The Queensland Sport and Athletics Centre (QSAC), more commonly known by its former names ANZ Stadium or QE II / Queen Elizabeth II Jubilee Sports Centre / QE2 Stadium, is a major multi-purpose sporting facility on the south side of Brisbane, Australia. From 1993 to 2003, QSAC was the home of the Brisbane Broncos, who play in National Rugby League. The venue is one of Olympic Stadium options in planned South East Queensland bid for 2032 Summer Olympics with Brisbane Cricket Ground to host ceremonies and athletics. It had earlier also bid for 2009-2013 World Athletics Championships.

History 
The facility opened in 1975 providing a synthetic running track for athletics competitions that was unaffected by wet weather. It was officially named Queen Elizabeth II Jubilee Sports Centre by the Queen in 1977 to mark her Silver Jubilee. It was constructed in close proximity to both the Queen Elizabeth II Jubilee Hospital and Griffith University campus, which provided athlete accommodation.

Originally the section of the stadium covered by roofing was intended to be the only permanent seating facility. The remainder of the stadium seating was built as "temporary" seating and was intended to be removed after the Commonwealth Games had finished. Public opinion resulted in the unroofed temporary seating being retained as permanent. 

The stadium was named ANZ Stadium from 1993 to 2003 when it was the home of the Brisbane Broncos rugby league football team. The stadium currently has a capacity of 48,500 people, although the record crowd is 58,912, set during the 1997 Super League Grand Final which saw the Broncos defeat the Cronulla-Sutherland Sharks 26–8. The capacity can be increased to 60,000 with the use of extra temporary seating in front of the Eastern and Western grandstands. These were removed when the running track was relaid for the 2001 Goodwill Games.

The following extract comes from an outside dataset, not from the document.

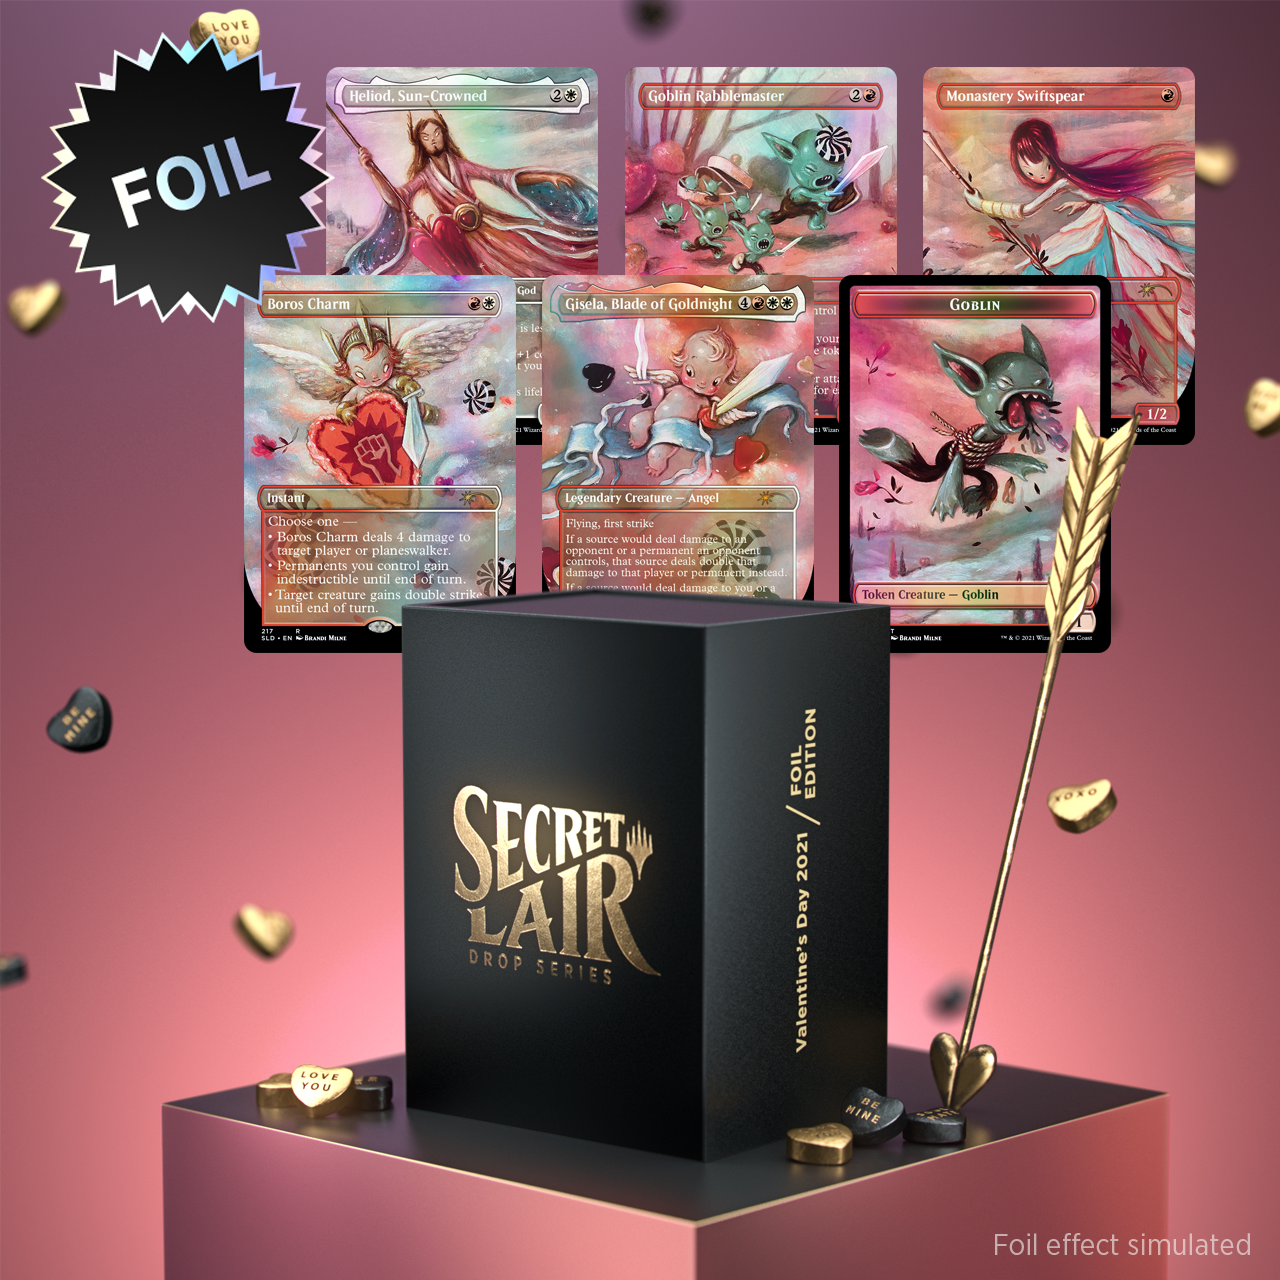 Secret Lair Drop Series: Valentine's day 2021 Foil Edition

In 1999, ANZ Stadium hosted eventual champions Australia in their Davis Cup Semi-Final win over Russia 4–1. Temporary grass courts were erected up one end of the field and temporary stands on 3 sides. The crowd capacity for this event was 10, 600. 1999 Australian Open Champion and Russian Davis Cup player Yevgeny Kafelnikov described the court "like playing on a potato field" and "that court is just not acceptable for this kind of event."

In 2002, ownership transferred to the Queensland Government Major Sports Facilities Authority and the venue was given its present name.

While the athletics facilities are well utilised, the stands at the stadium have largely stood empty and unused since the Broncos returned to a redeveloped Lang Park in 2003.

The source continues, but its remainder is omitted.